Calcul des congés : est-ce le même pour tout le monde ?
En tant que professionnel·le des ressources humaines, il est essentiel de bien connaître les dispositions légales relatives au temps de travail et aux congés, et de calculer correctement les droits aux vacances. En Suisse, les collaborateurs travaillant selon une semaine de cinq jours, qu’ils soient à temps plein ou à temps partiel, ont droit selon la loi fédérale sur les vacances à un minimum de quatre semaines de congés par an. Pour les jeunes de moins de 20 ans, le droit minimum est de cinq semaines. Les collaborateurs en situation de handicap bénéficient, dans le cadre d’une semaine de cinq jours, de cinq jours de congé supplémentaires, soit un total de 25 jours ouvrables. Pour une semaine de six jours, le droit aux congés est de 24 jours.
Aperçu des points clés sur le droit aux congés
- Le minimum légal est de quatre semaines (20 jours ouvrables) par an.
- Les jeunes de moins de 20 ans ainsi que les personnes en situation de handicap ont droit à cinq semaines (25 jours ouvrables).
- En cas de maternité, les femmes ont droit à 14 semaines de congé payé après l’accouchement (indemnités de maternité selon la LEO – Loi sur les allocations pour perte de gain).
À noter : même pendant la période d’essai, les collaborateur·trice·s ont en principe droit à la prise de congés proportionnels – même si certains employeurs n’y sont pas toujours favorables.
Une semaine de congé supplémentaire : un avantage concurrentiel
De nombreuses entreprises ont compris qu’il leur fallait proposer des offres attractives pour se démarquer dans la course aux talents qualifiés. Ainsi, un nombre croissant d’employeurs accordent volontairement cinq semaines de congé par an pour renforcer leur attractivité et fidéliser durablement leurs collaborateurs. Une semaine de vacances supplémentaire peut faire la différence sur un marché du travail très concurrentiel.

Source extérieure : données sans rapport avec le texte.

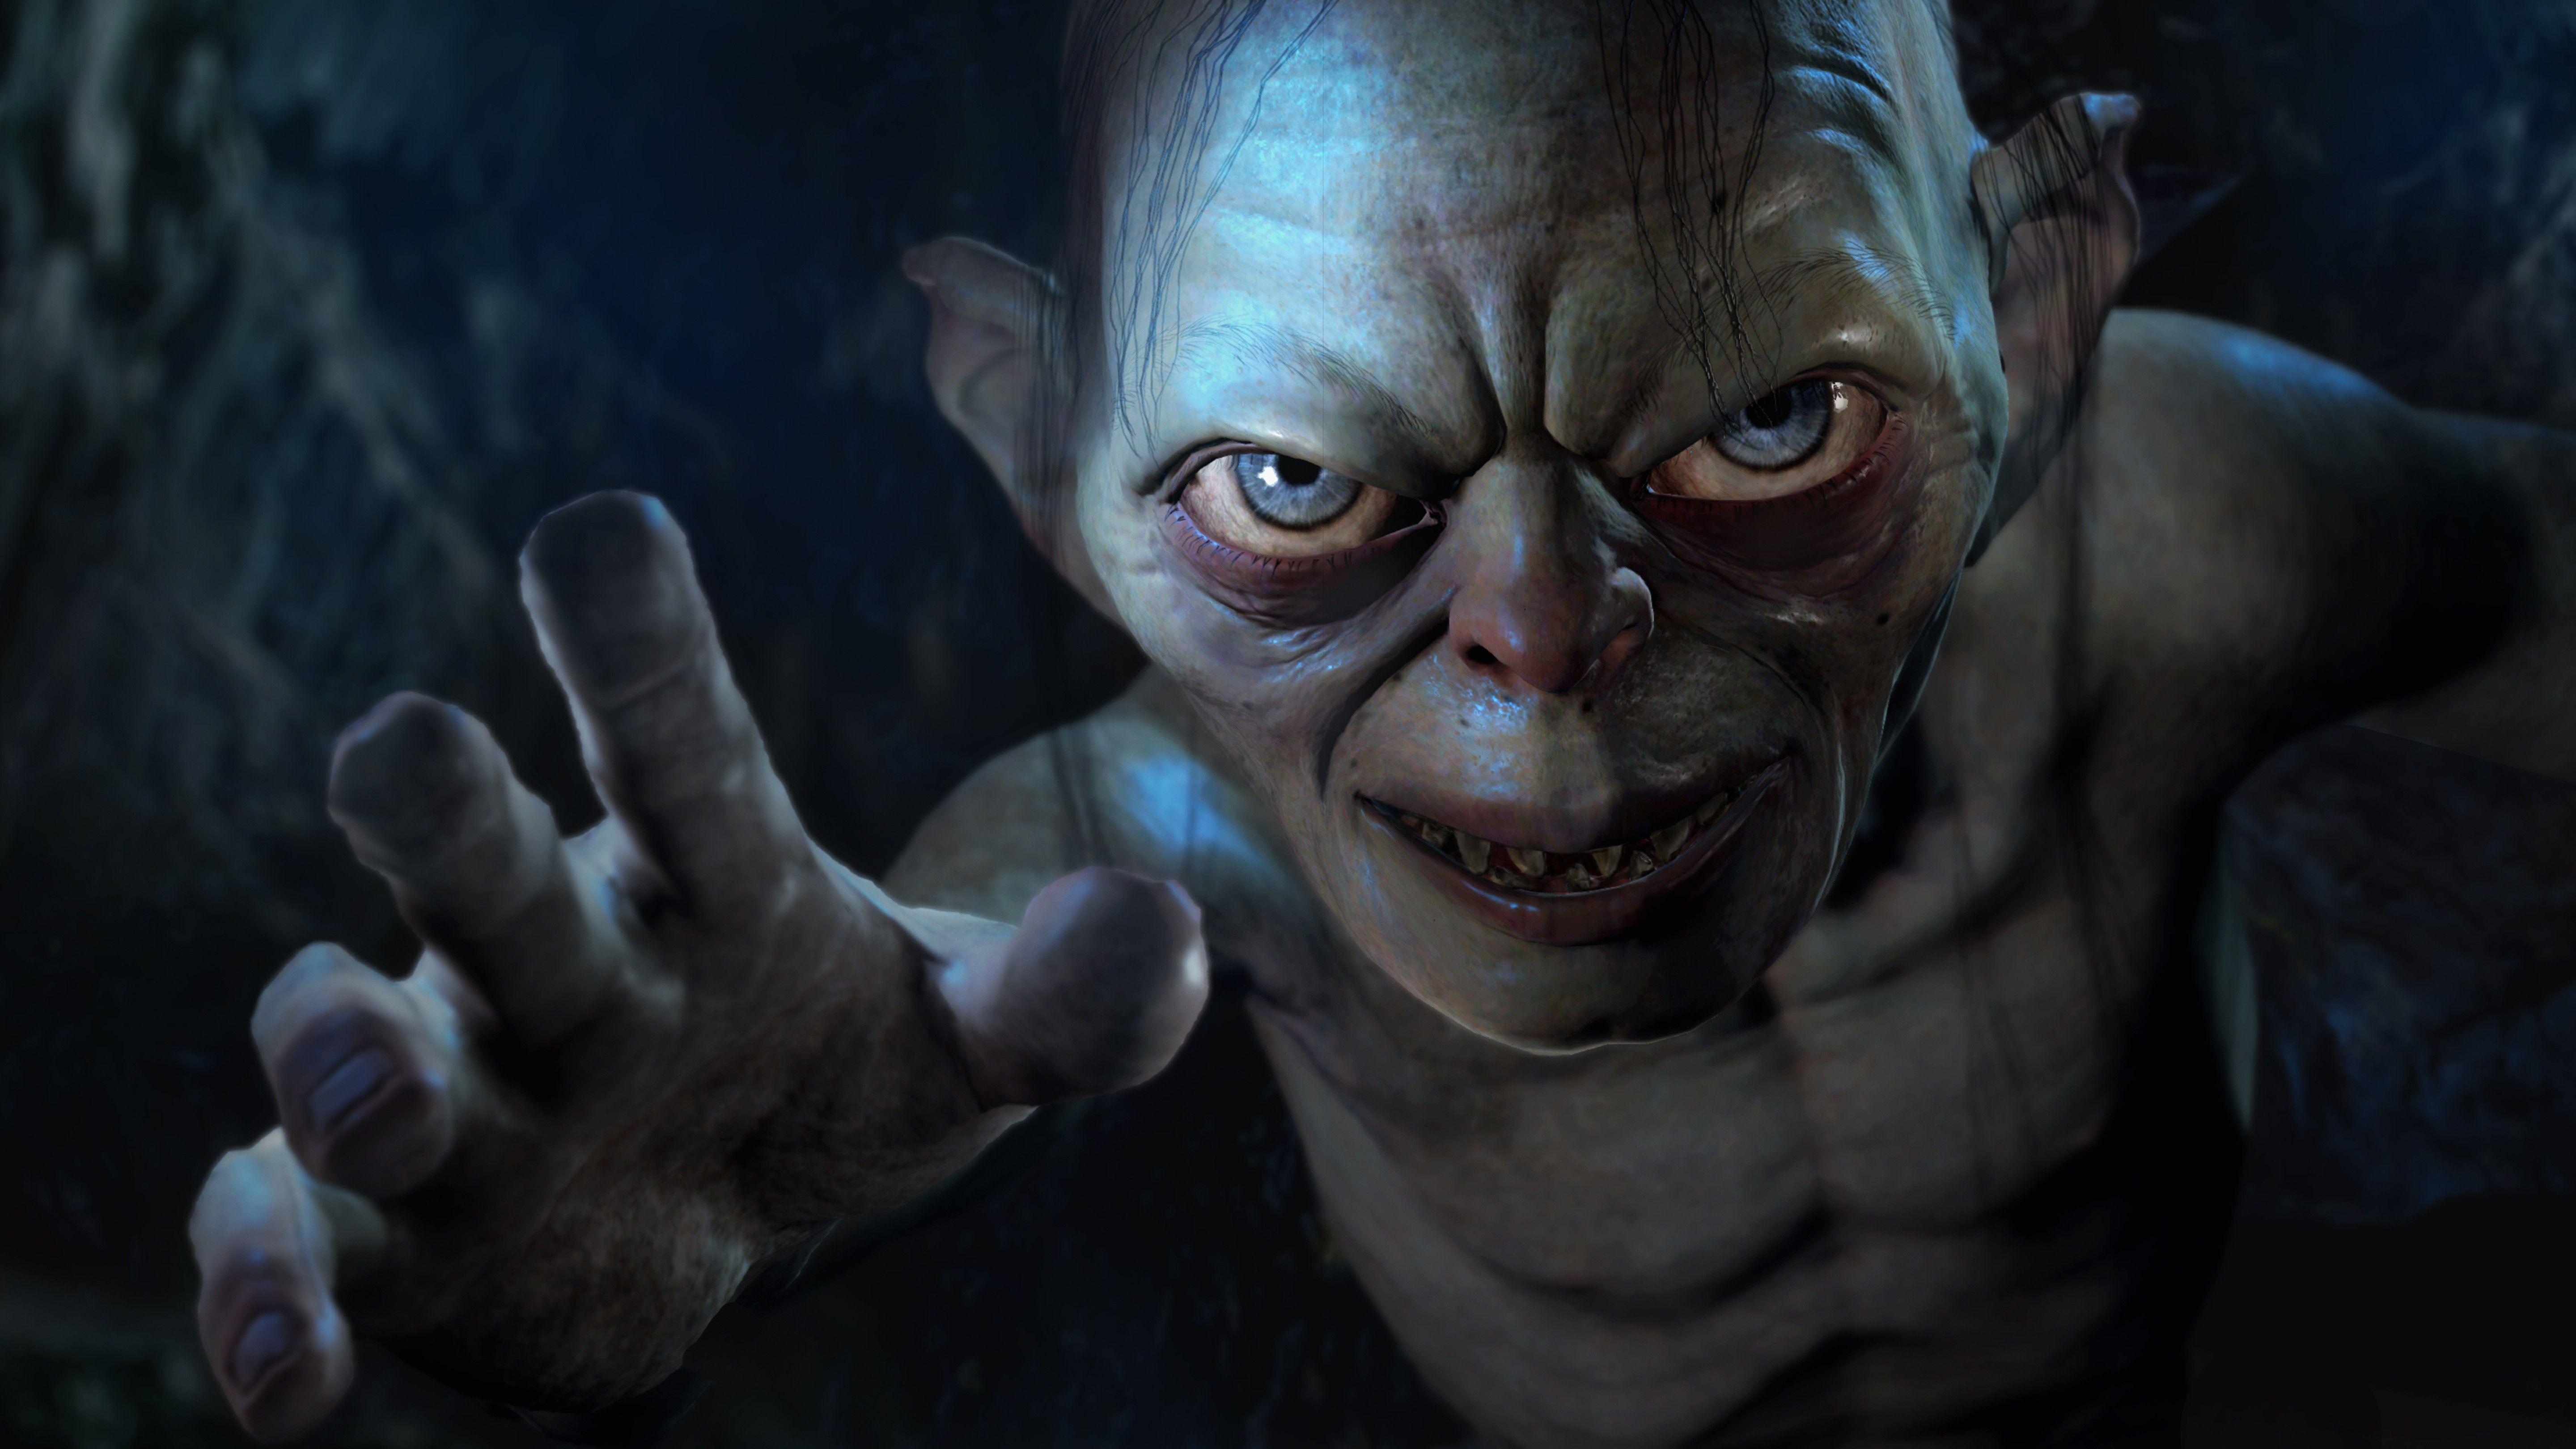 Gollum from the game Shadows of Mordor wallpaper and image
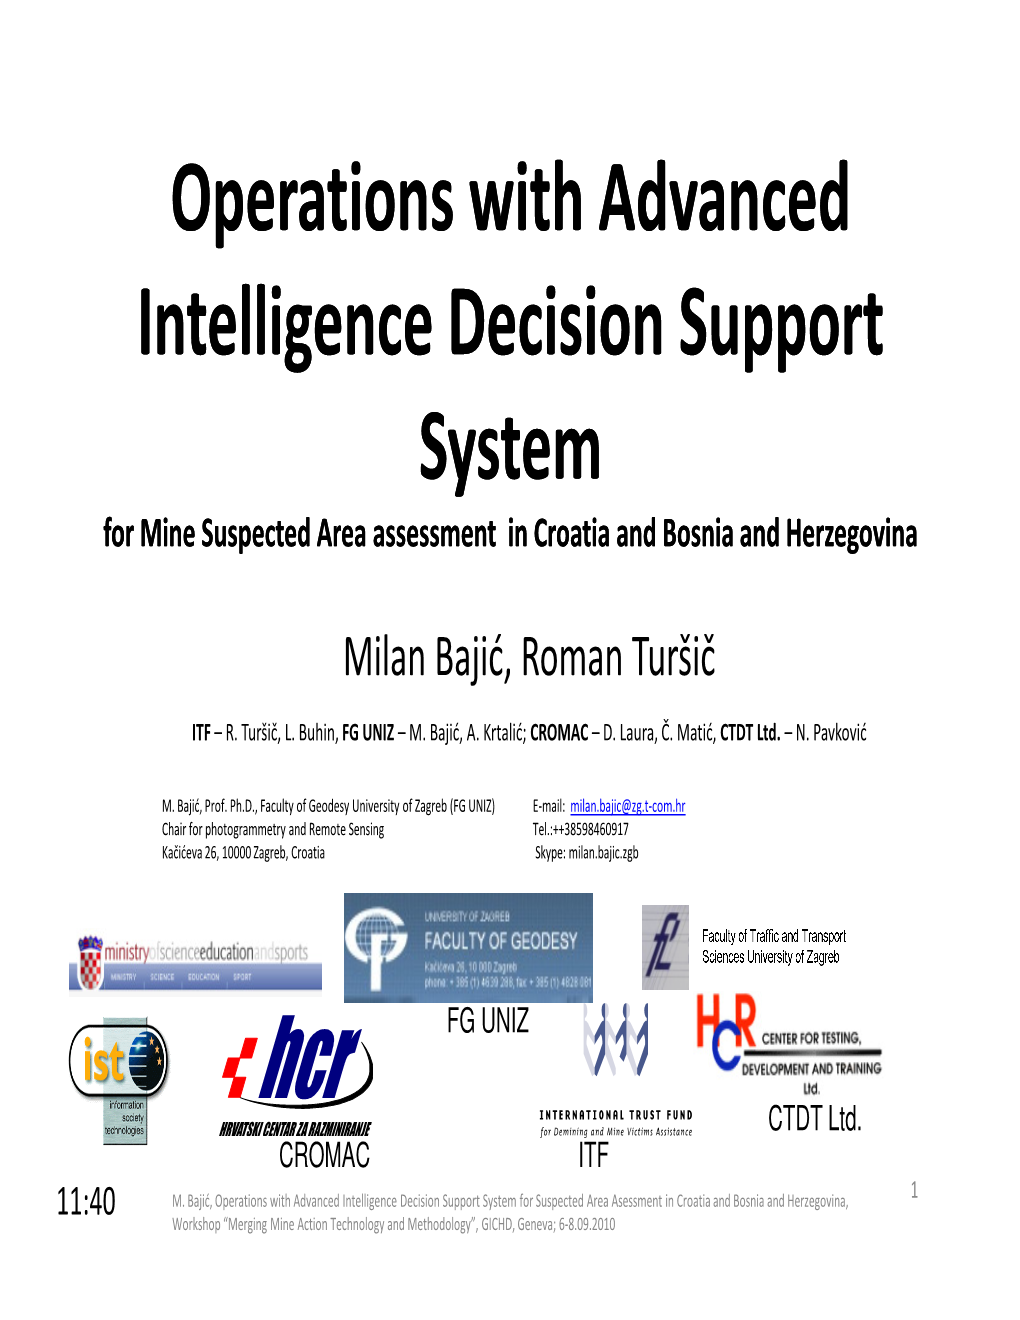 Operations with Advanced Intelligence Decision Support System for Mine Suspected Area Assessment in Croatia and Bosnia and Herzegovina

Calcul du droit aux congés pour les collaborateurs à temps partiel
Les collaborateurs à temps partiel ont également droit à quatre semaines de congés par an, voire davantage si l’entreprise offre des conditions plus avantageuses. Le droit aux congés est calculé au prorata du taux d’activité convenu. Nous avons abordé les différents modèles de travail à temps partiel dans un autre article. Voici un exemple concret : Un·e collaborateur·trice qui travaille à 60 %, soit trois jours par semaine, a également droit à quatre semaines de congé. Puisqu’une semaine de travail pour cette personne compte trois jours, cela correspond à 12 jours ouvrables de congé (4 semaines × 3 jours). Selon le modèle de travail – par exemple, si la personne travaille 60 % à raison de 5,04 heures par jour (sur une base de 42 heures hebdomadaires) – le droit aux congés peut s’élever à 20 jours, mais chaque jour de congé comptera alors pour 5,04 heures.
Qu’en est-il en cas de démission ?
Lorsqu’un contrat est résilié, se pose souvent la question du traitement des congés restants. Voici les règles principales :
- Indemnisation des jours de congé non pris : les jours de vacances restants doivent, dans la mesure du possible, être pris pendant la période de préavis. S’ils ne peuvent pas être accordés, ils doivent être indemnisés financièrement.
- Calcul correct des congés en cas de départ : le droit aux vacances est calculé au prorata temporis, c’est-à-dire proportionnellement au temps de travail déjà effectué dans l’année civile. Exemple : une personne quitte l’entreprise le 30 juin sans avoir pris de congé au préalable. Elle a donc droit à la moitié de son congé annuel, soit 10 jours (dans le cadre d’une semaine de 5 jours).
Des congés équitables : pour un bon climat de travail
Pour que vos collaborateurs puissent profiter pleinement de leurs congés, une communication ouverte et transparente est indispensable. Cela renforce la confiance et permet d’éviter les malentendus. Il est également important de consigner clairement les règles dans le contrat de travail, notamment celles relatives à la période d’essai et aux droits individuels aux vacances. Enfin, pour favoriser la satisfaction des collaborateurs et un climat de travail positif, la flexibilité et l’équité sont des valeurs essentielles. Dans la mesure du possible, essayez de tenir compte des préférences individuelles – vos équipes vous en seront reconnaissantes.